Tokenization resolves the vulnerability issues associated with the long-term storage of payment card data from the moment of authorization and throughout the lifecycle of a payment card’s usage. This assures protection for subsequent and incremental payment card usage in environments such as e-commerce, online reservations, and recurring billing or usage scenarios. When done correctly, tokenization replaces payment card data with a random, alphanumeric value – a token – that is meaningless to all but a select few. That way, if tokens were to ever get into the wrong hands, there would be no way for hackers to use them. Importantly, for tokens to be truly meaningless to hackers, they must be dynamic (with a new randomized token for each transaction processed), they cannot have a mathematical or one-to-one relationship with a card, and they must not be able to be decrypted. Tokenization is not encryption.
Tokenization ensures that merchants no longer have to rely on the use and storage of cardholder data to carry out the daily business functions that once relied on this sensitive information. A well-designed tokenization solution enables merchants to safely access their customers’ transaction data for future use, including returns, card-on-file, recurring billing, incremental authorizations, and other uses without exposing their environment to the vulnerability of storing that sensitive information.
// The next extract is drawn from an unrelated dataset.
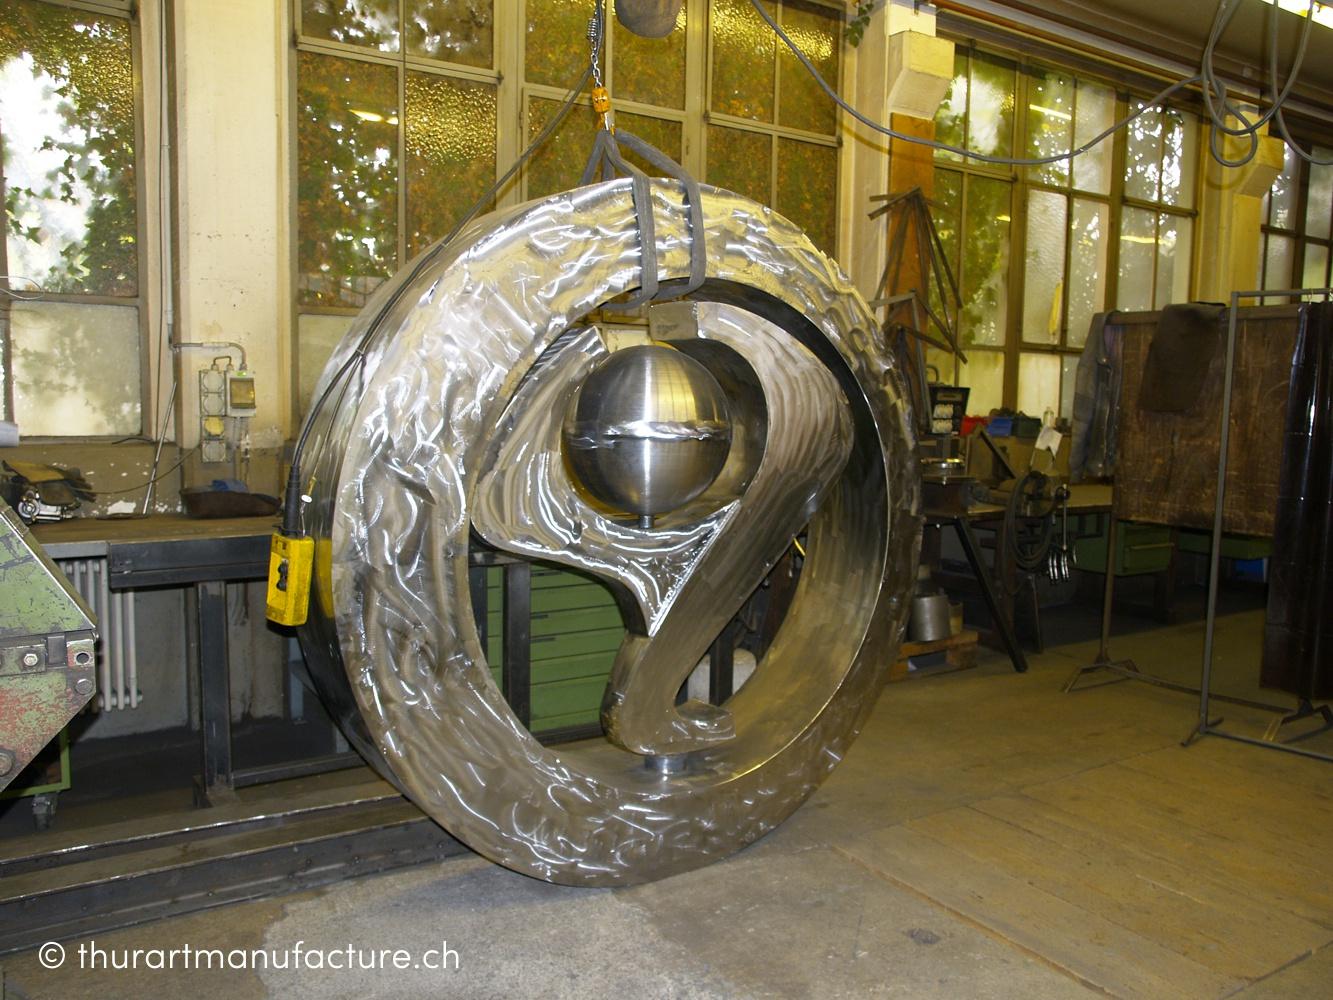 Formousia, Metallplastik, 2006

Creating a Strong Security Posture
Implementing the payment security trifecta of EMV, P2PE, and tokenization provides merchants with the peace of mind that they have taken the best steps toward protecting their customers – and their business – from fraudsters who attempt using fake, lost, or stolen cards in card-present environments and from data thieves who are intent on stealing sensitive payment information in bulk. Therefore, merchants migrating to EMV today should ensure these three solutions are in use together so that transactions are secured at the card’s point of interaction with a payment device. When a merchant then entrusts that sensitive data to a dedicated payment solutions provider, not only is their environment protected, but the burden of protecting cardholder data is also alleviated. At the end of the day, we want merchants to be able to focus on what matters most to their business: their services, products, and customers.